= DATA SECTION =
**********
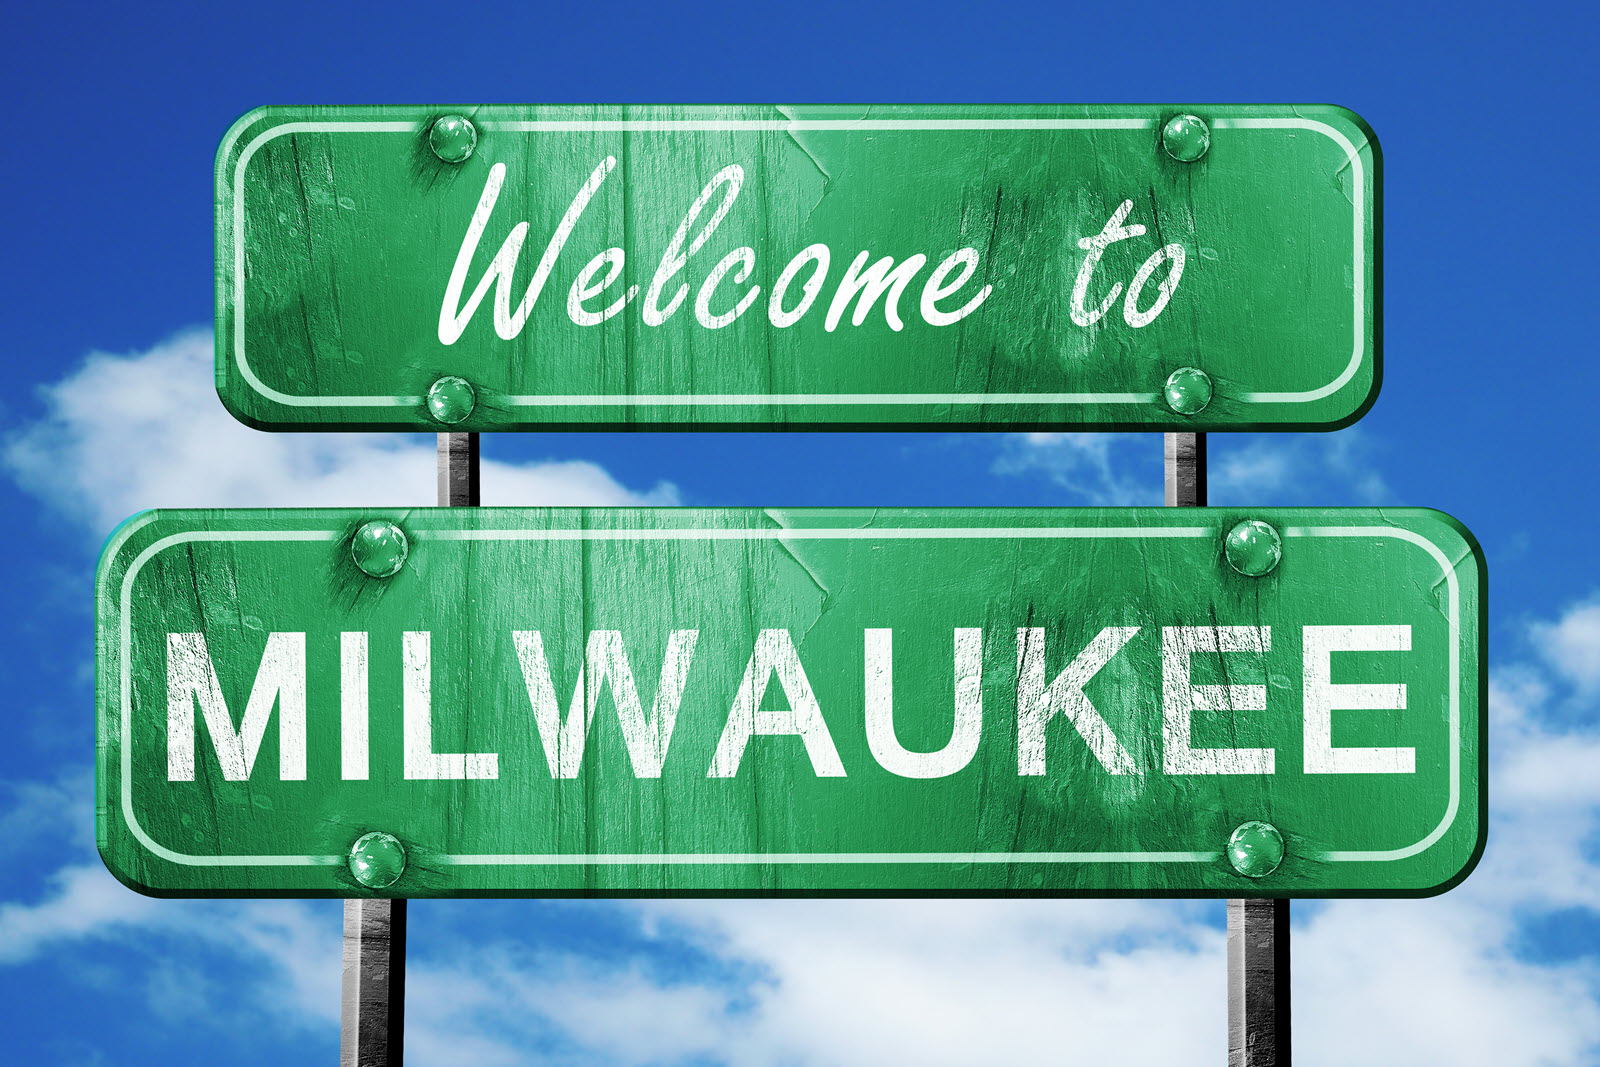 Image of green sign that reads "Welcome to Milwaukee"
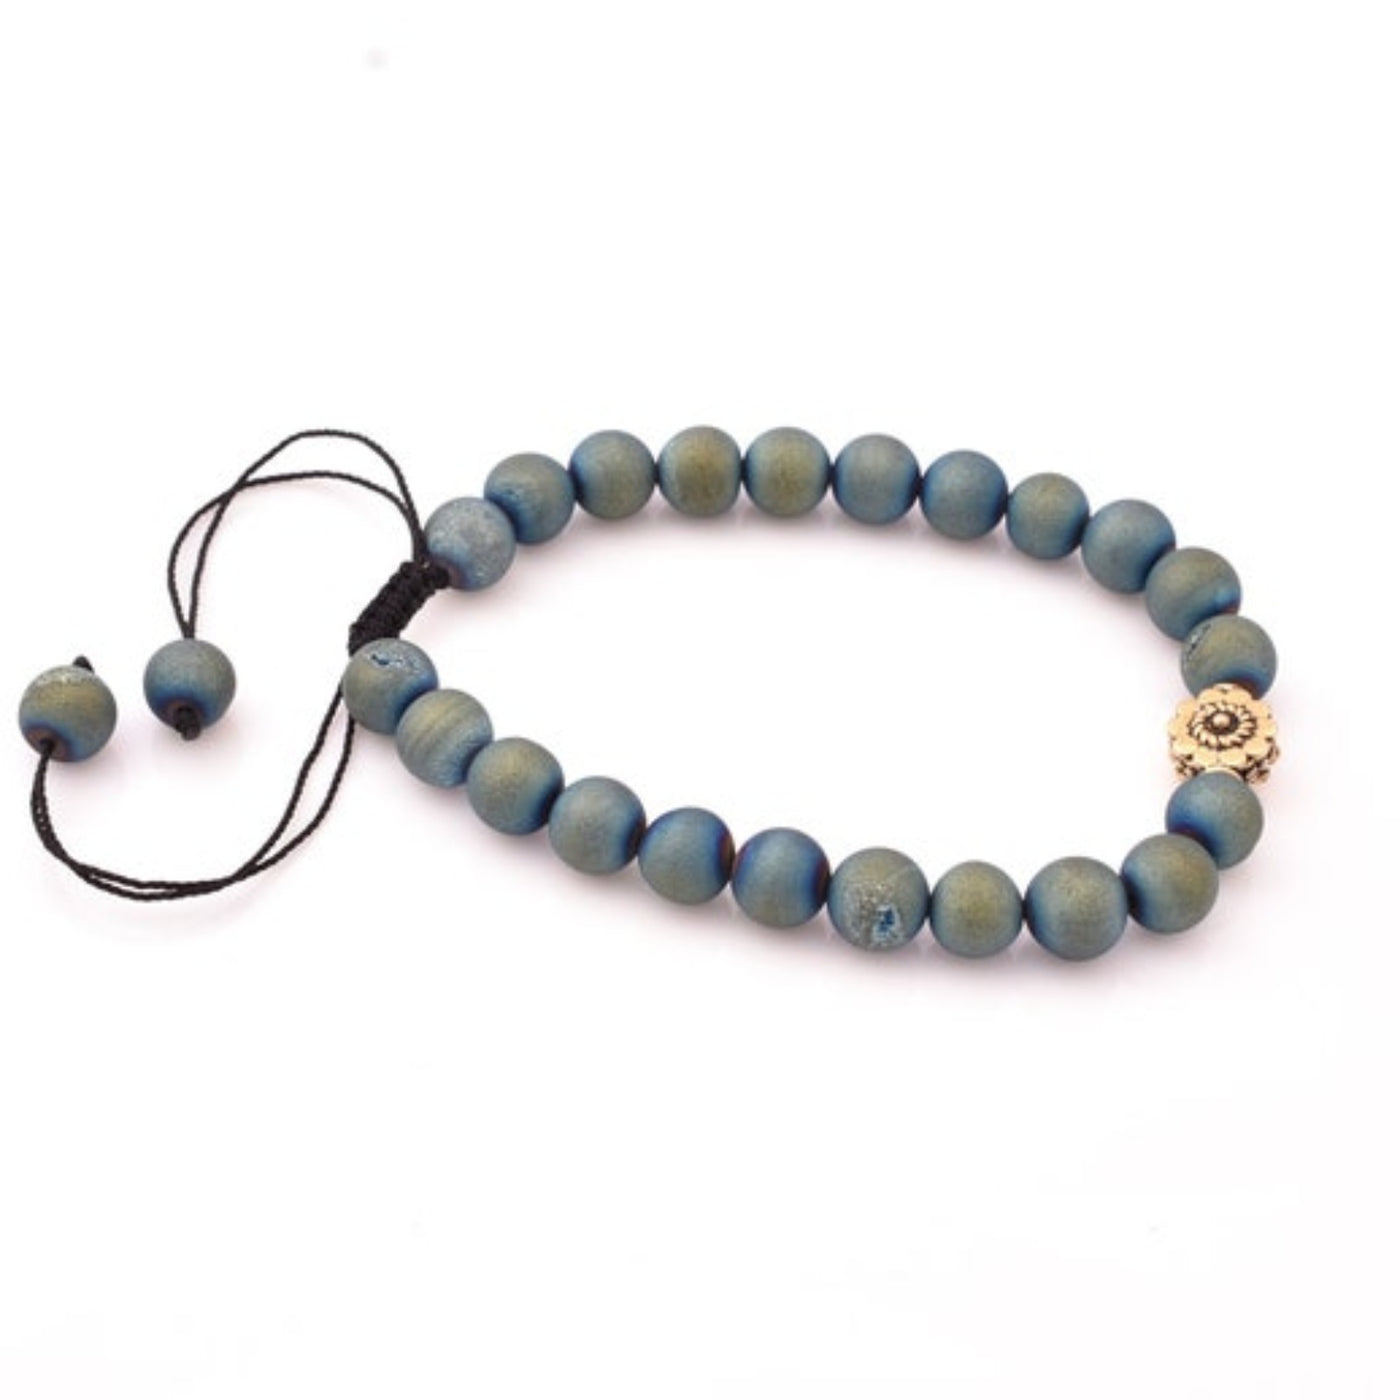 Adjustable Druzy Bracelet, Light  Blue Durzy Beaded Bracelet With Real Gold Plated Metal Beads
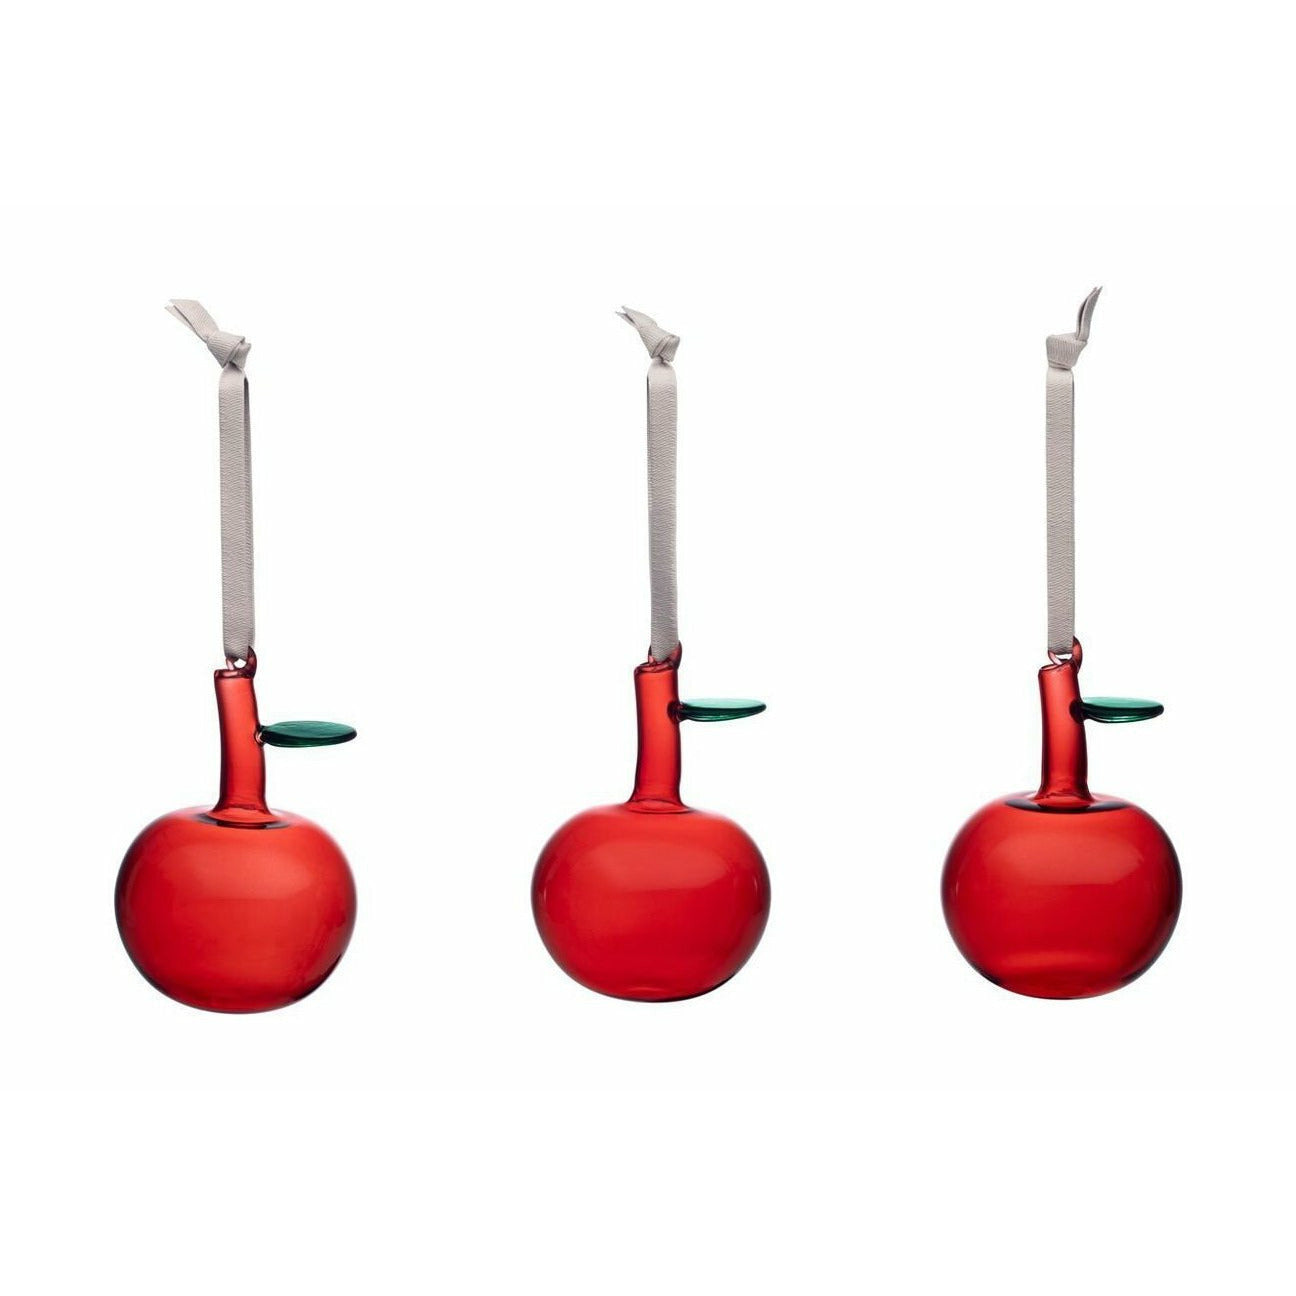 Iittala Decorations Glass Apples, Set Of 3, Red
**********
Without changing a word, transcribe all of the data and omit its images.

 Image of green sign that reads "Welcome to Milwaukee"
 Adjustable Druzy Bracelet, Light  Blue Durzy Beaded Bracelet With Real Gold Plated Metal Beads
 Iittala Decorations Glass Apples, Set Of 3, Red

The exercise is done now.